Allogeneic Peripheral Blood Stem Cell Transplantation for Myeloid Sarcoma: A Single-Center Experience

Background: Myeloid sarcoma (MS), an extramedullary manifestation of myeloid malignancies, presents significant treatment challenges, with suboptimal outcomes reported for conventional therapies. While recent advances in allogeneic hematopoietic stem cell transplantation (allo-HSCT) have shown promise, the specific role of allogeneic peripheral blood stem cell transplantation (allo-PBSCT), especially using haploidentical donors, remains underexplored.

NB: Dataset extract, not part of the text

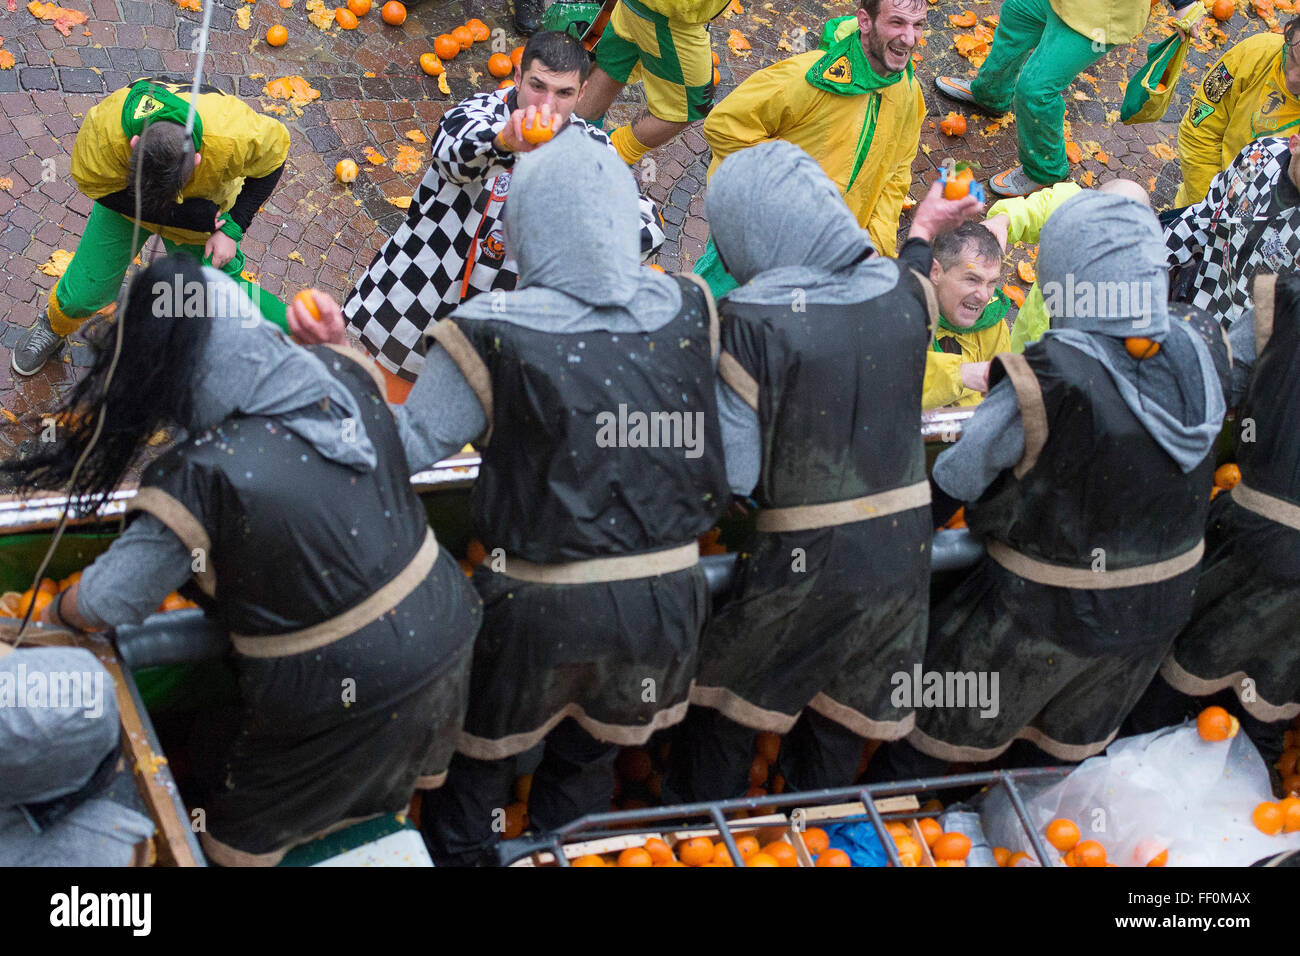 Die traditionelle "Schlacht der Apfelsinen" Während der Karneval in ivrea am 7. Februar statt, 2016 in Ivrea bei Turin, Italien Stockfoto

Methods: In this retrospective study, we analyzed 13 MS patients treated with allo-PBSCT at the Transplantation Center of the Institute of Hematology & Blood Diseases Hospital, Chinese Academy of Medical Sciences, Chinese Academy of Medical Sciences, between January 2012 and November 2023. Diagnoses were confirmed through tissue biopsies, and informed consent was obtained in compliance with the Declaration of Helsinki. Conditioning regimens primarily comprised modified busulfan/cyclophosphamide (Bu/Cy), with two patients receiving total body irradiation (TBI). GVHD prophylaxis involved cyclosporine, mycophenolate mofetil, methotrexate, and anti-thymocyte globulin (ATG), with tailored treatments for acute and chronic GVHD. Treatment response and survival data were monitored through regular bone marrow assessments and imaging, analyzed using Kaplan-Meier curves in R software.

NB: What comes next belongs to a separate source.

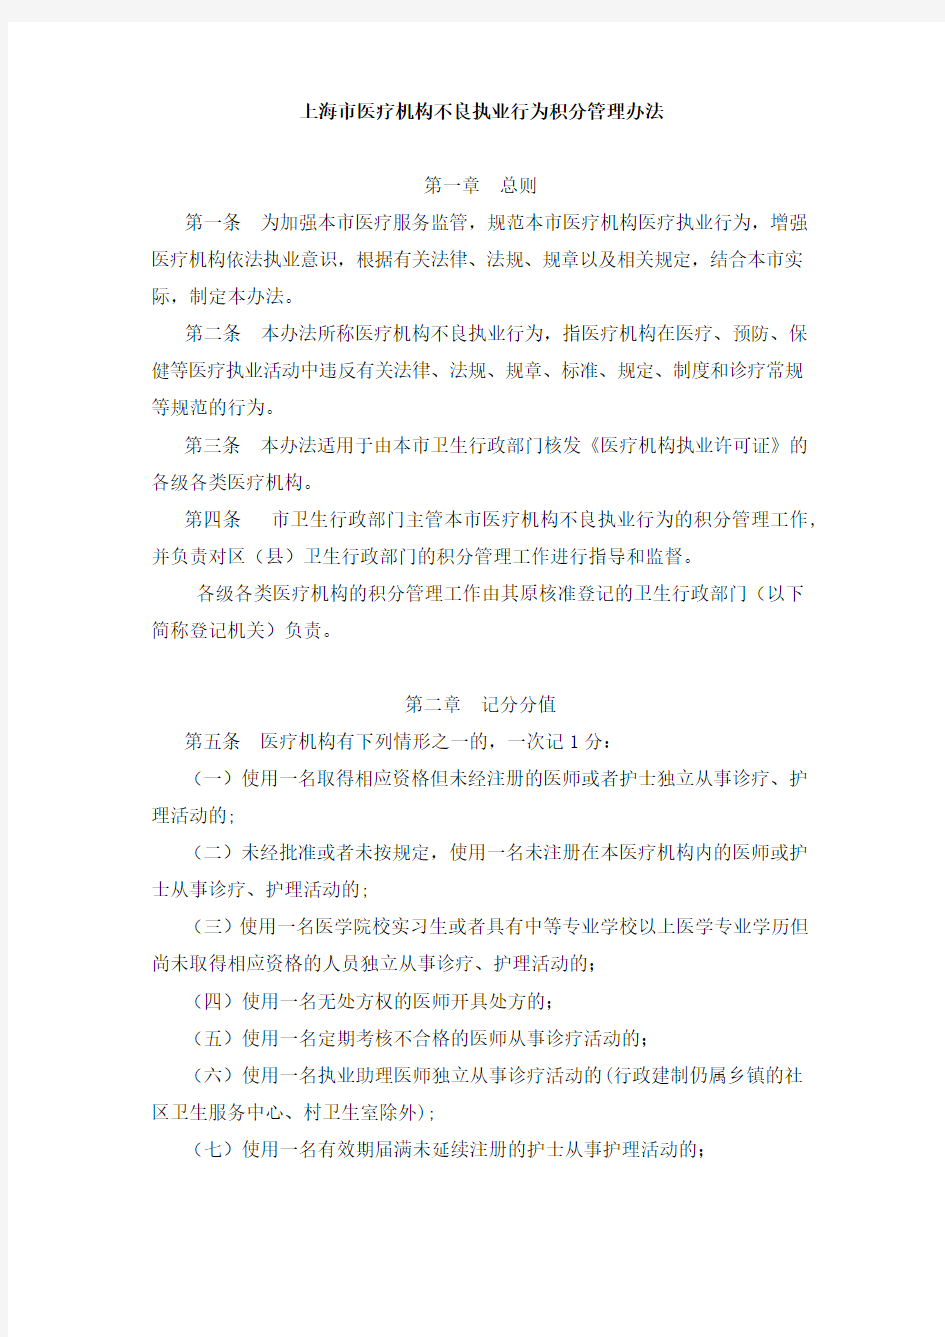 上海市医疗机构不良执业行为积分管理办法

Results: Among the 13 patients (5 males, 8 females; median age 26 years), 84.62% had medullary infiltration, and 76.92% had single-site extramedullary involvement. Pre-transplant, 84.62% received chemotherapy alone, and 15.38% combined chemotherapy with radiotherapy; 46.15% underwent transplantation within six months of diagnosis. At transplantation, 84.62% were in first remission, and 15.38% had minimal residual disease (MRD). The 1-year overall survival (OS) was 83.9% (95% CI, 65.7-100%), and the 5-year OS was 67.1% (95% CI, 40.7-100%), with a 5-year disease-free survival (DFS) of 80.0% (95% CI, 51.6-100%). Grade I acute GVHD (aGVHD) occurred in 53.85% of cases, Grades II-IV in 15.38%, with limited and extensive chronic GVHD (cGVHD) observed in 23.08% and 7.69%, respectively. The haploidentical group showed a 30-month OS of 85.7% (95% CI 63.3-100%) versus 62.5% (95% CI 32.0-100%) in the fully matched group (p = 0.64), with a 30-month DFS of 100% compared to 75% (95% CI 42.6-100%, p = 0.617). Transplantation within six months correlated with a 48-month and 60-month OS of 100%, significantly higher than 34.3% (95% CI 7.7-100%, p = 0.061) for those over six months. Radiation therapy recipients had a 30-month OS of 40% (95% CI 9.3-100%) versus 87.5% (95% CI 67.3-100%, p = 0.37) for non-recipients. Patients with Grade I aGVHD had a 60-month OS of 80% (95% CI, 51.6-100%), while all patients with Grade II-IV aGVHD died within 8 months of follow-up (p < 0.05). Patients with limited cGVHD had a 36-month and 60-month OS of 61.9% (95% CI 33.1-100%), while those with extensive cGVHD had a 36-month OS of 100% (p = 0.51).

Conclusion: This retrospective study underscores the effectiveness of allo-PBSCT, especially with haploidentical donors, for treating MS. Early transplantation might significantly impact survival outcomes favorably. The benefit of radiotherapy, including TBI, for prognosis remains to be further validated. Further research involving larger cohorts and prospective data collection is necessary to confirm the findings and optimize treatment protocols.

No relevant conflicts of interest to declare.